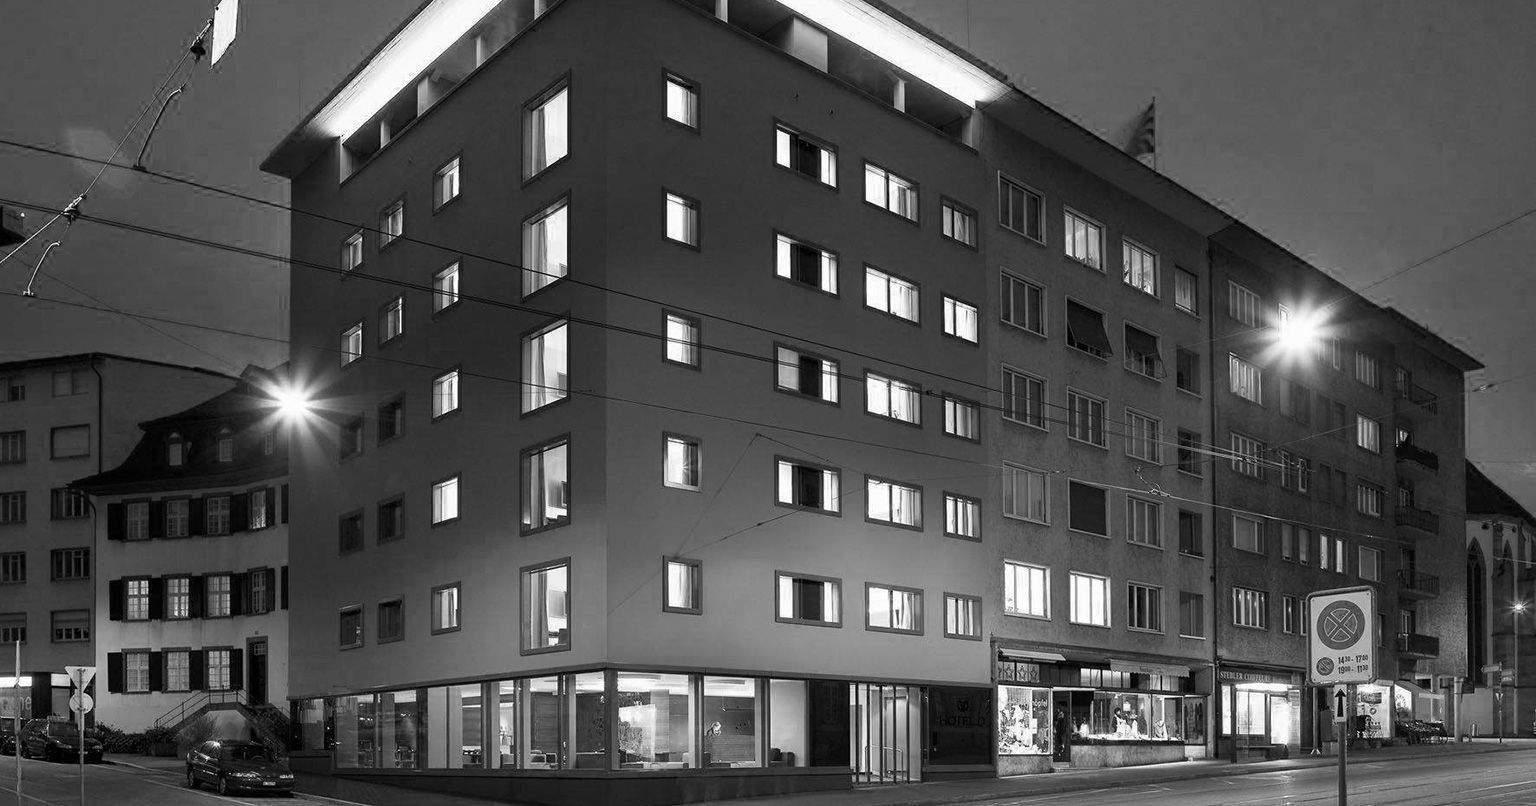 Vue extérieurede l'Hôtel D Bâle· Suisse· Hôtel Design 4 étoiles
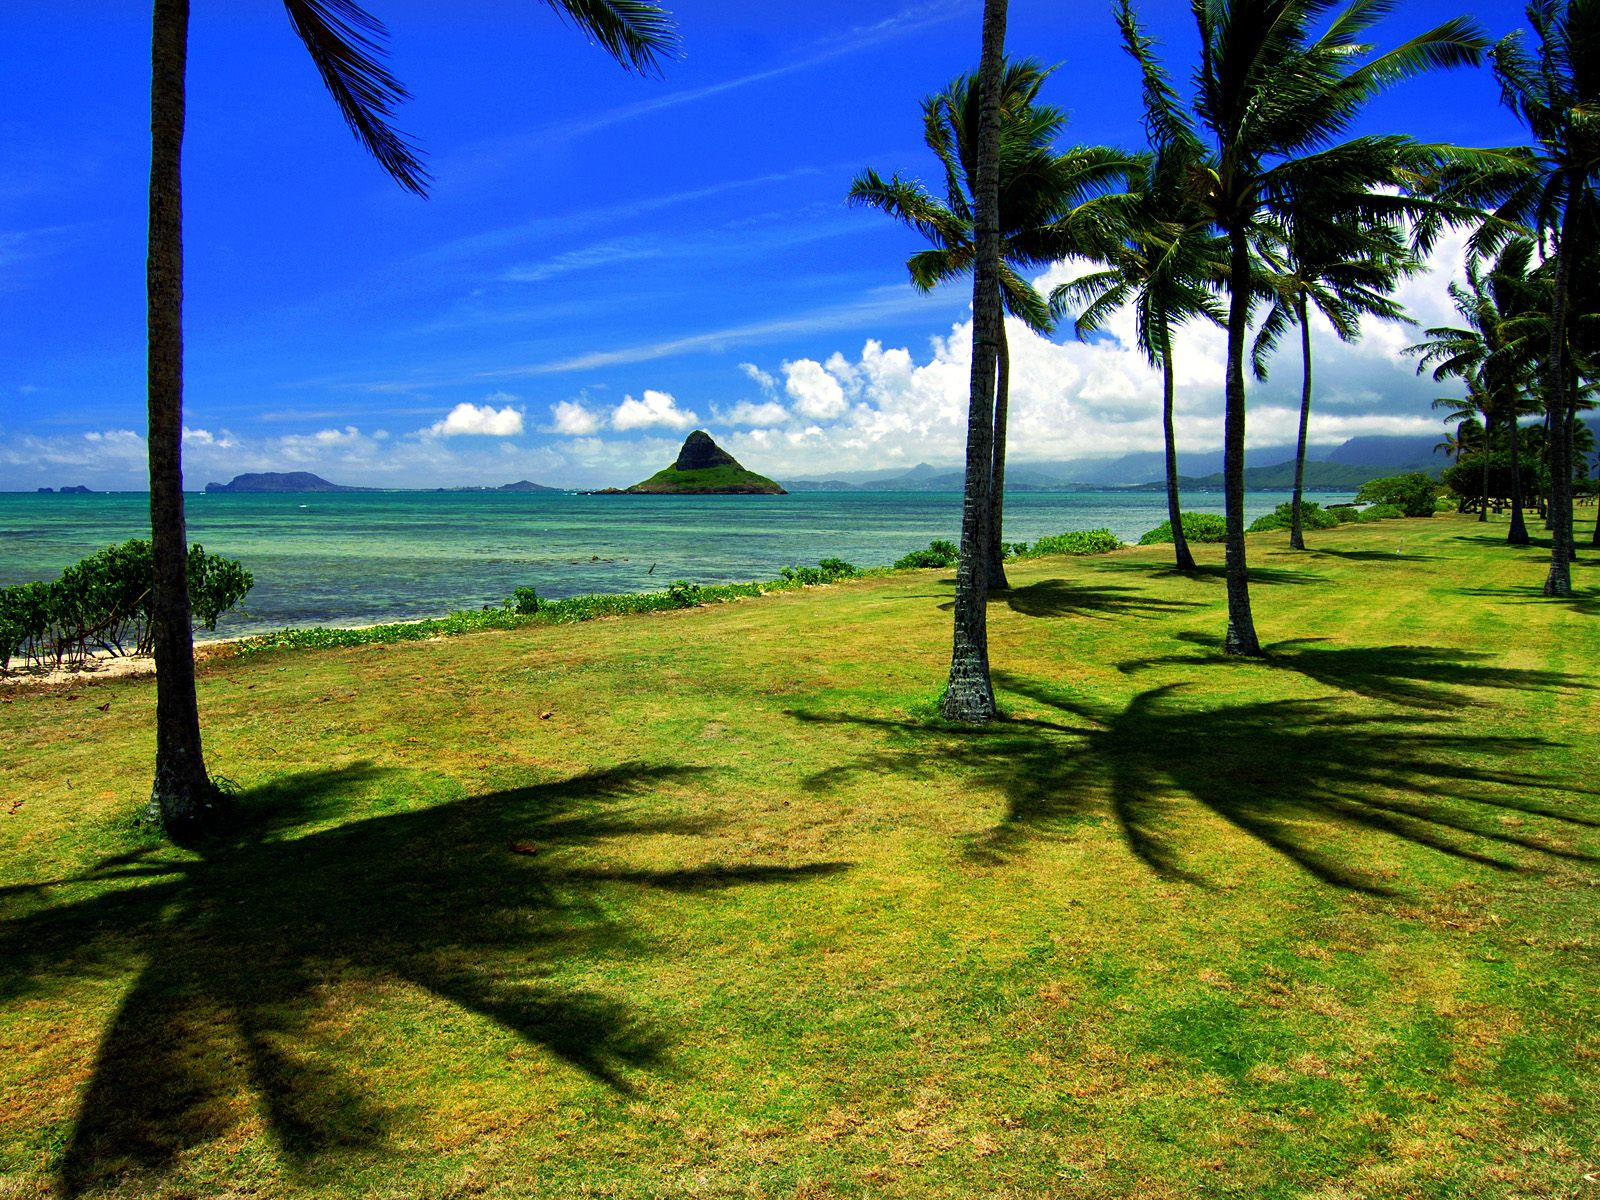 http://2.bp.blogspot.com/_6Ks7mquN8BQ/TMQJXb7CdiI/AAAAAAAAARk/GwkP6hGvhCM/s1600/Oahu,%2BHawaii.jpg
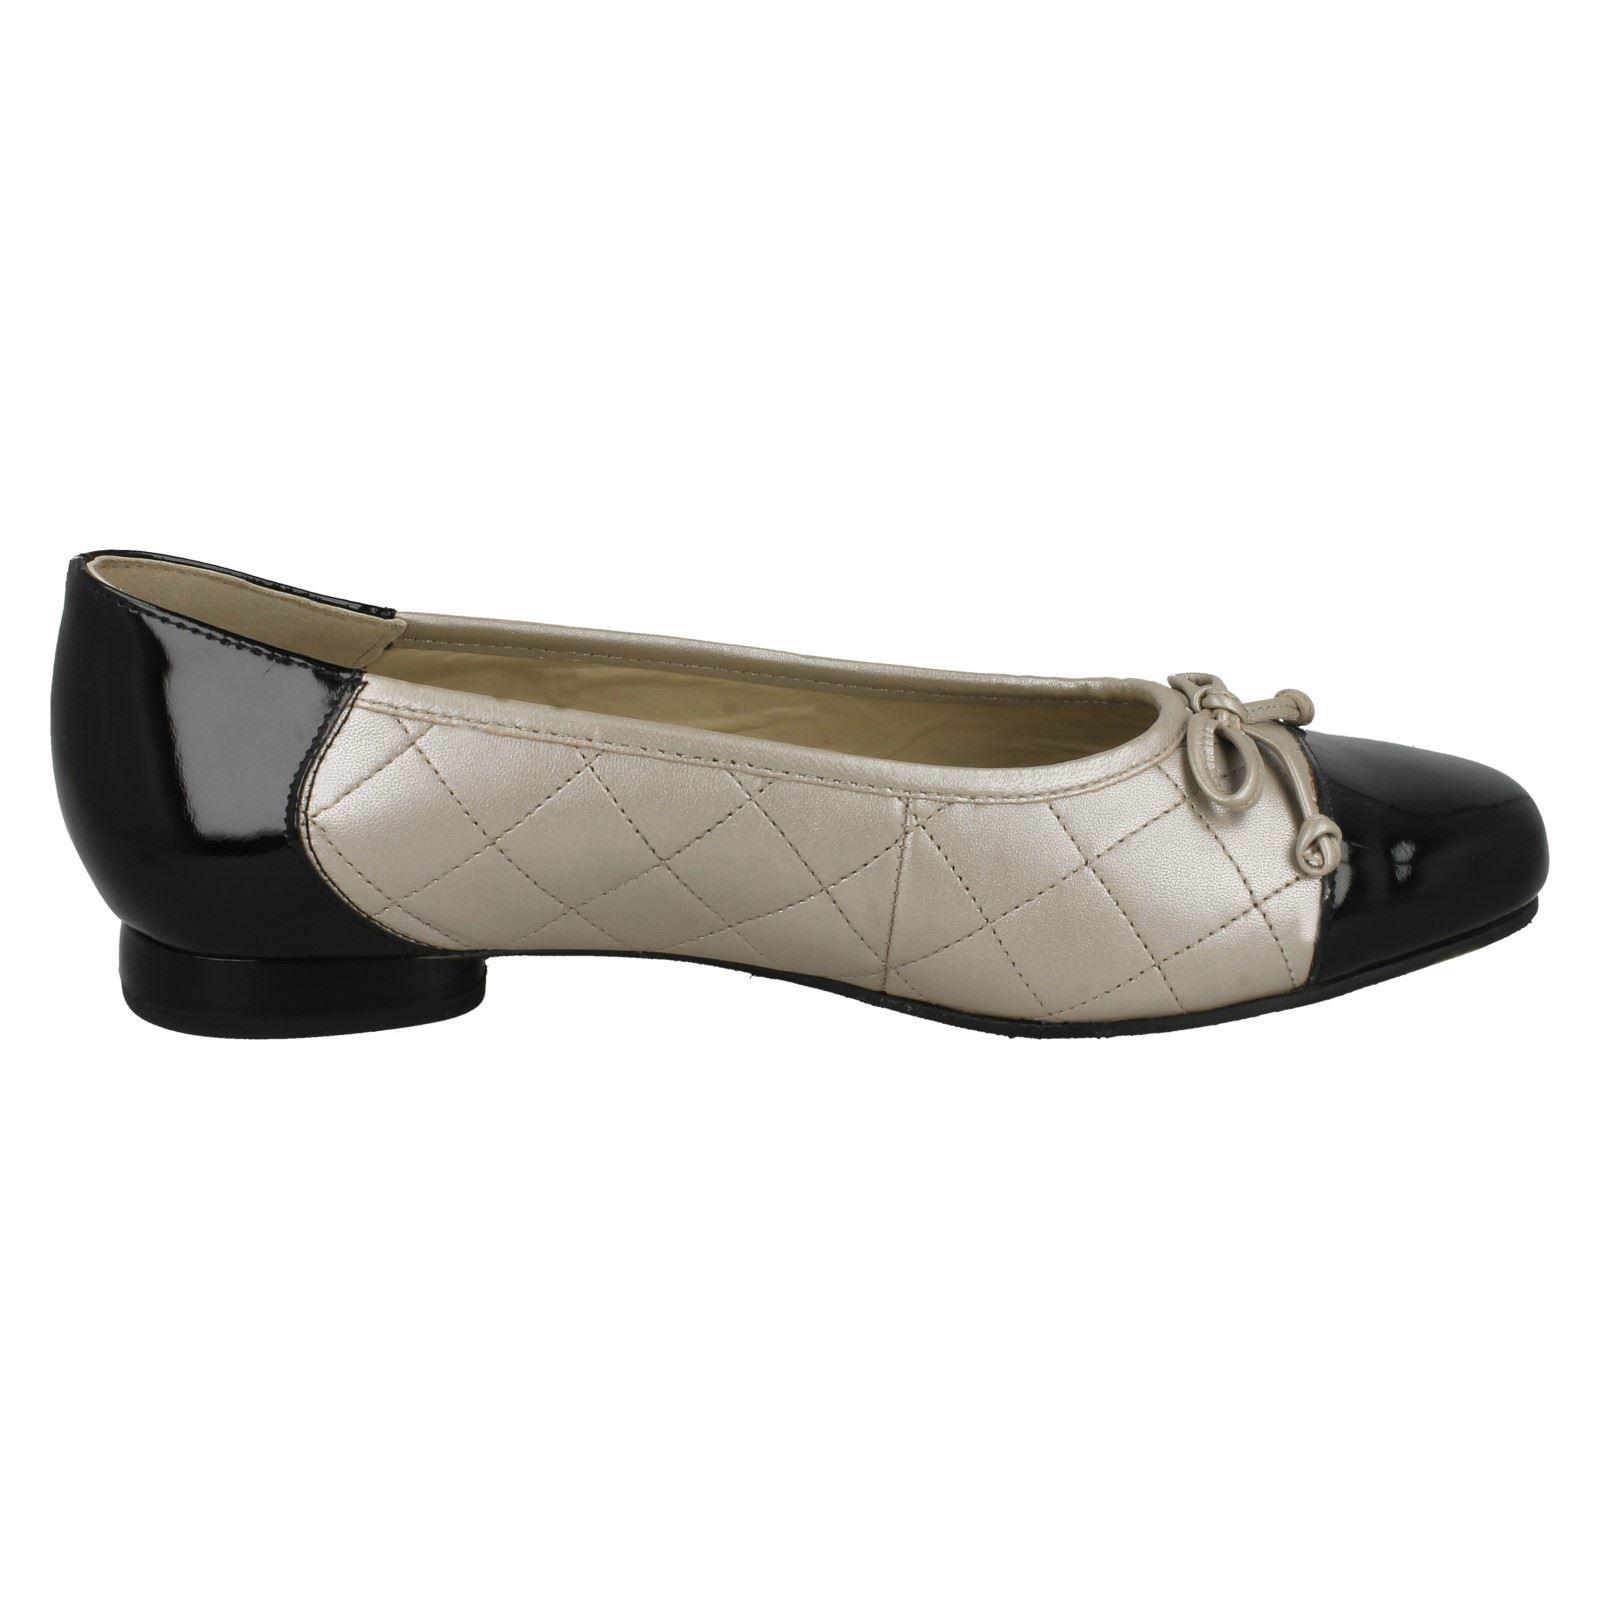 Mujer Mujer Mujer Equity Corte Ancho Ballet Zapatos Estilo 'Patitas' fa37d2
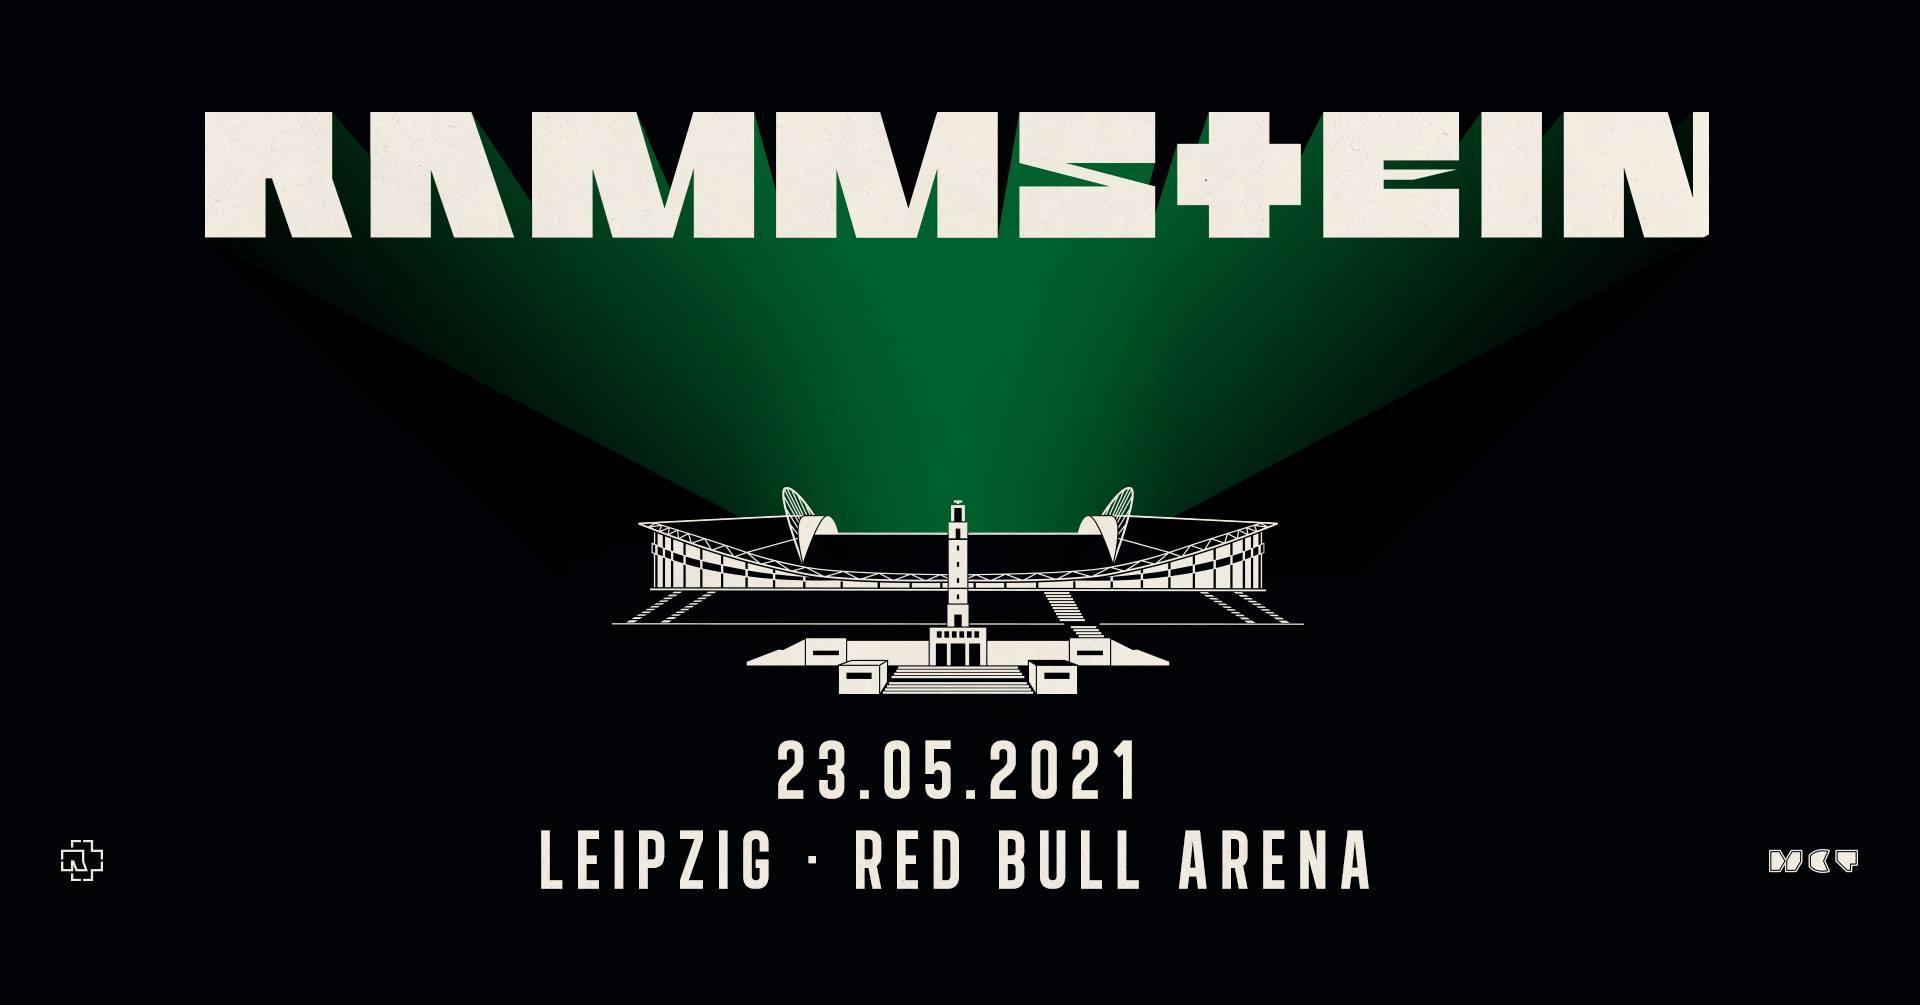 Rammstein Konzert 2021

• [Required action]
Print all the lines above exactly as they are, but without the pictures.

• [Answer to the exercise]
 Vue extérieurede l'Hôtel D Bâle· Suisse· Hôtel Design 4 étoiles
 http://2.bp.blogspot.com/_6Ks7mquN8BQ/TMQJXb7CdiI/AAAAAAAAARk/GwkP6hGvhCM/s1600/Oahu,%2BHawaii.jpg
 Mujer Mujer Mujer Equity Corte Ancho Ballet Zapatos Estilo 'Patitas' fa37d2
 Rammstein Konzert 2021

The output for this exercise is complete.